Over the years Carpenter has re-imagined his original score several times, the best of which is the accompaniment to Halloween III: Season of the Witch, produced with regular collaborator Alan Howarth and exclusively made with synthesizers. The film itself might be lacking considerably, but Carpenter and Howarth’s moody electronic score takes the unmistakable original theme and expands it into a fully-fledged suite of Prophet-heavy goodness. It is also notable for being composed while the duo watched the film – the first time they were able to work in this way.
03. Fabio Frizzi
City of the Living Dead
(1980)
Of all the composers so tied to the schlocky video nasty genre, it’s Fabio Frizzi that lords above them with an air of grandeur.
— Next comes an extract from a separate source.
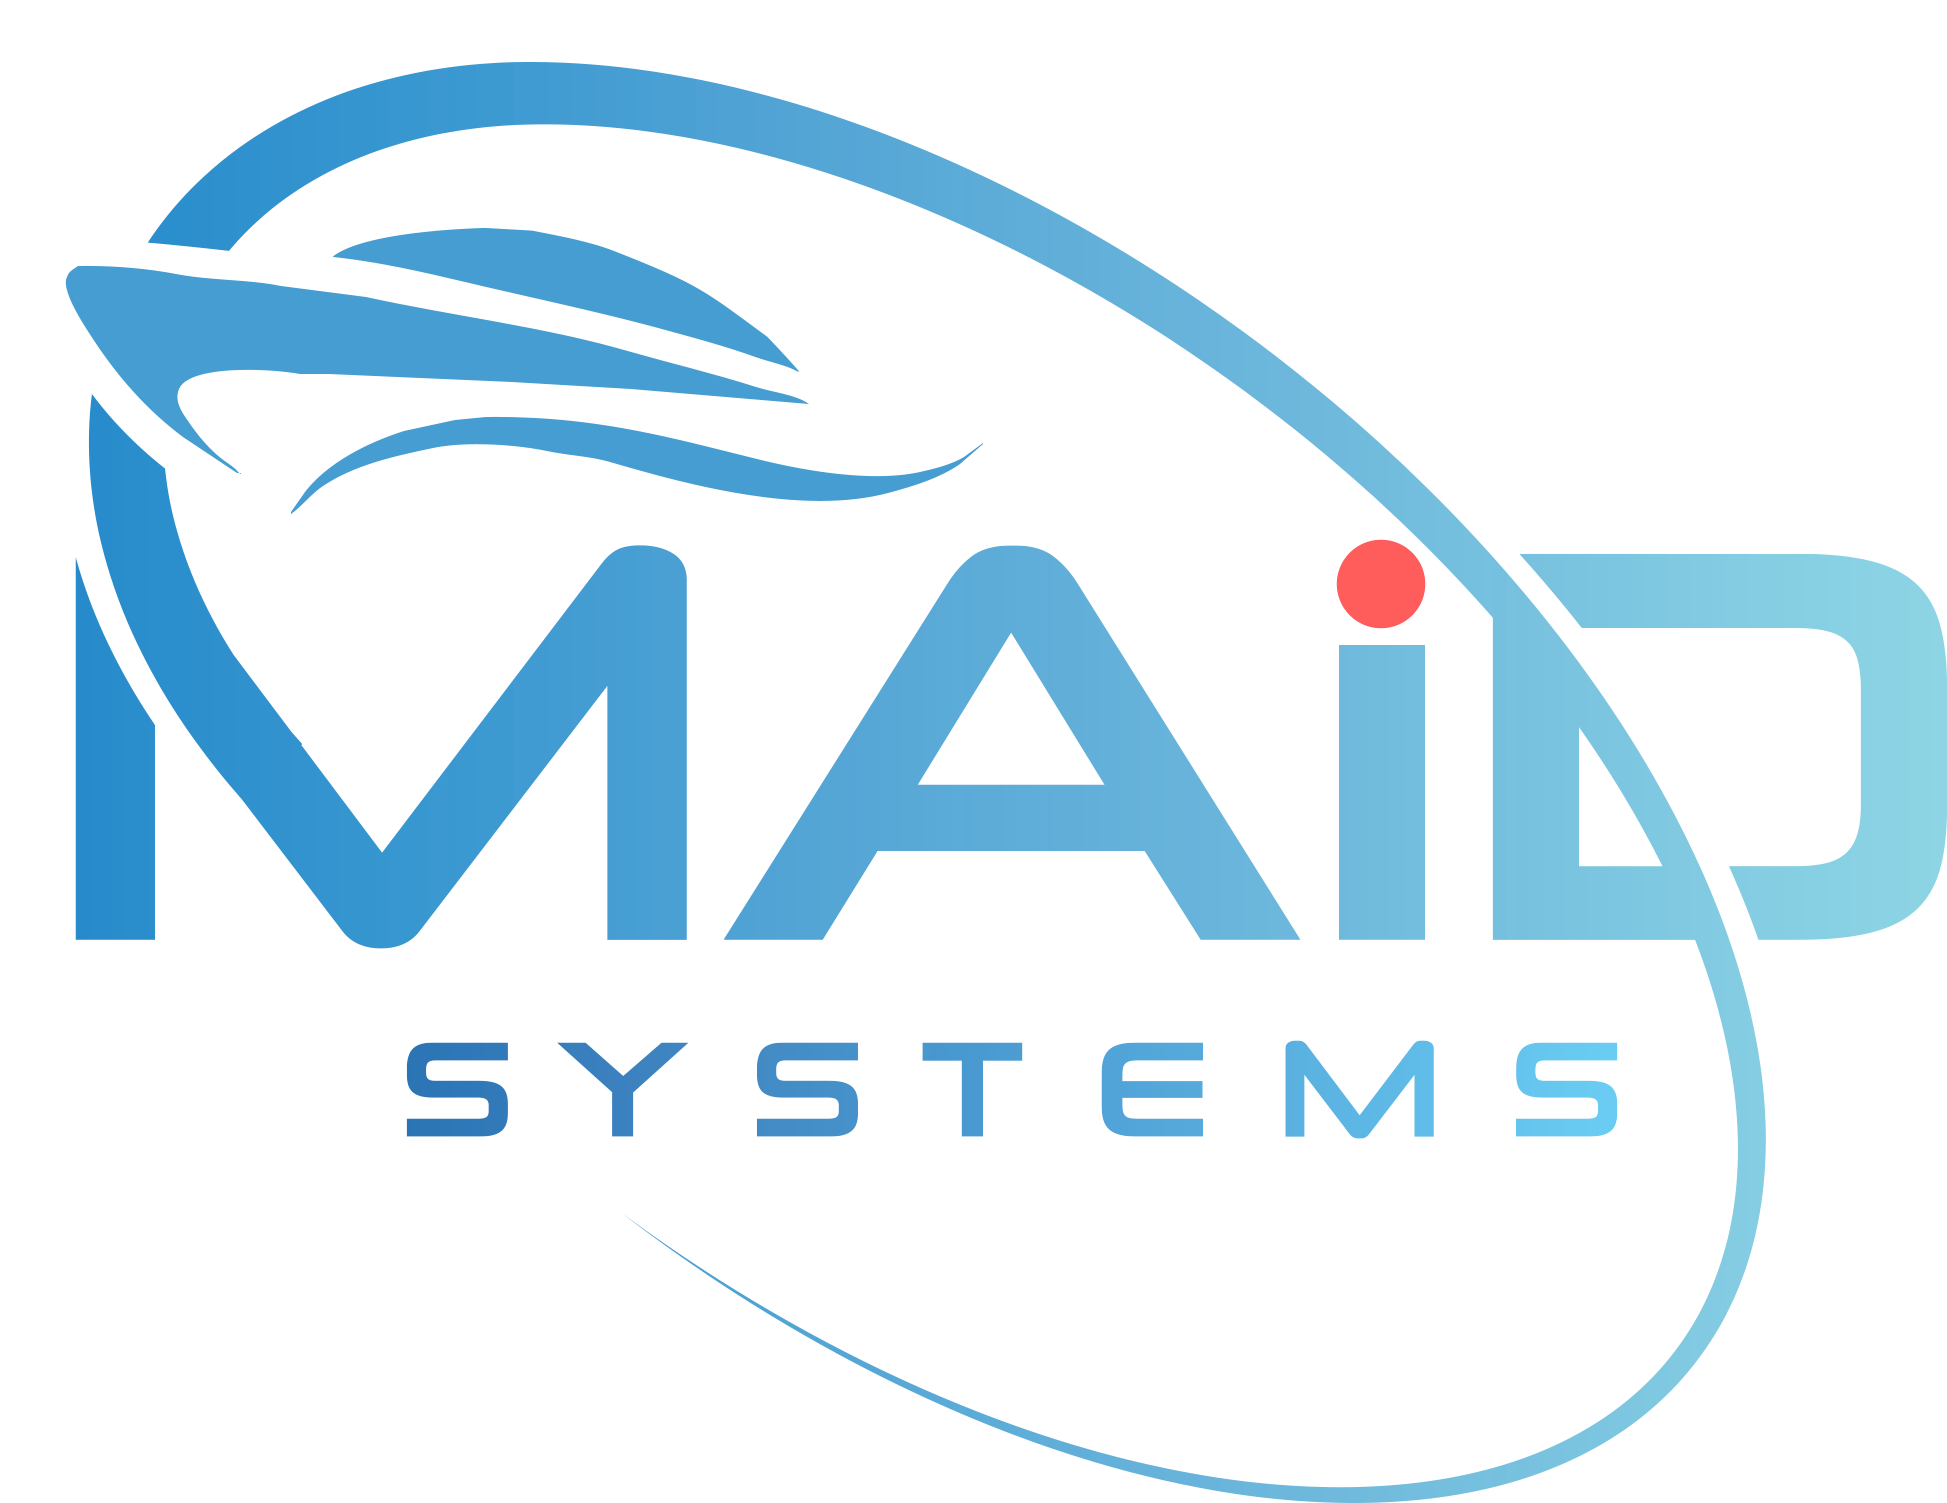 MAID Systems - A Fully Autonomous Docking and Positioning System For Recreational and Commercial Marine Vessels

It’s not that his synth-heavy cues boast higher production values than those of his peers exactly, rather there’s something in his compositions that keeps you coming back again and again. City of the Living Dead is crucial because it’s so varied – that haunting guitar riff, the unmistakable mellotron choir sounds, the syrupy, plasticky rhythms. Frizzi only really uses synthesizers here in moderation, and when we reach the triumphant ‘Apoteosi Del Mistero’, the analogue bleeps and brassy leads only accent a score that was already a classic.
02. Popol Vuh
Nosferatu
(1978)
Popol Vuh were to Werner Herzog what Goblin were to Dario Argento, and Nosferatu: The Vampyre was possibly their greatest collaboration. Herzog’s psychedelic and often surreal take on the classic vampire story would have floundered without the correct use of musical cues, and Florian Fricke’s spacious Eastern-inspired motifs are memorable and absorbingly eerie. In fact, Herzog pushed Fricke to raid the archives for his darkest material, and the resulting selection of tracks combines Popol Vuh’s early electronic experiments with a number of their later more organic works.
01. Goblin
Suspiria
(1977)
What can you say about Suspiria that hasn’t been said already? Of all Goblin’s phenomenal scores, this one towers above – mainly because it complements the film so perfectly while standing as a corker of a record in its own right. The band were desperate to experiment this time around, and Argento was prepared to give them the time to do it (Profondo Rosso was famously recorded in a day). So Simonetti and co hired a “big Moog” (the cumbersome pre-Minimoog modular system) and a bunch of Middle Eastern instruments and crafted a soundtrack based on the film’s themes of witchcraft and Argento’s excited notes. The result is a terrifying cacophony of occult themes and prog tropes that sounds defiantly ahead of its time without trying to re-invent the wheel. If you only listen to one horror soundtrack, this should be it.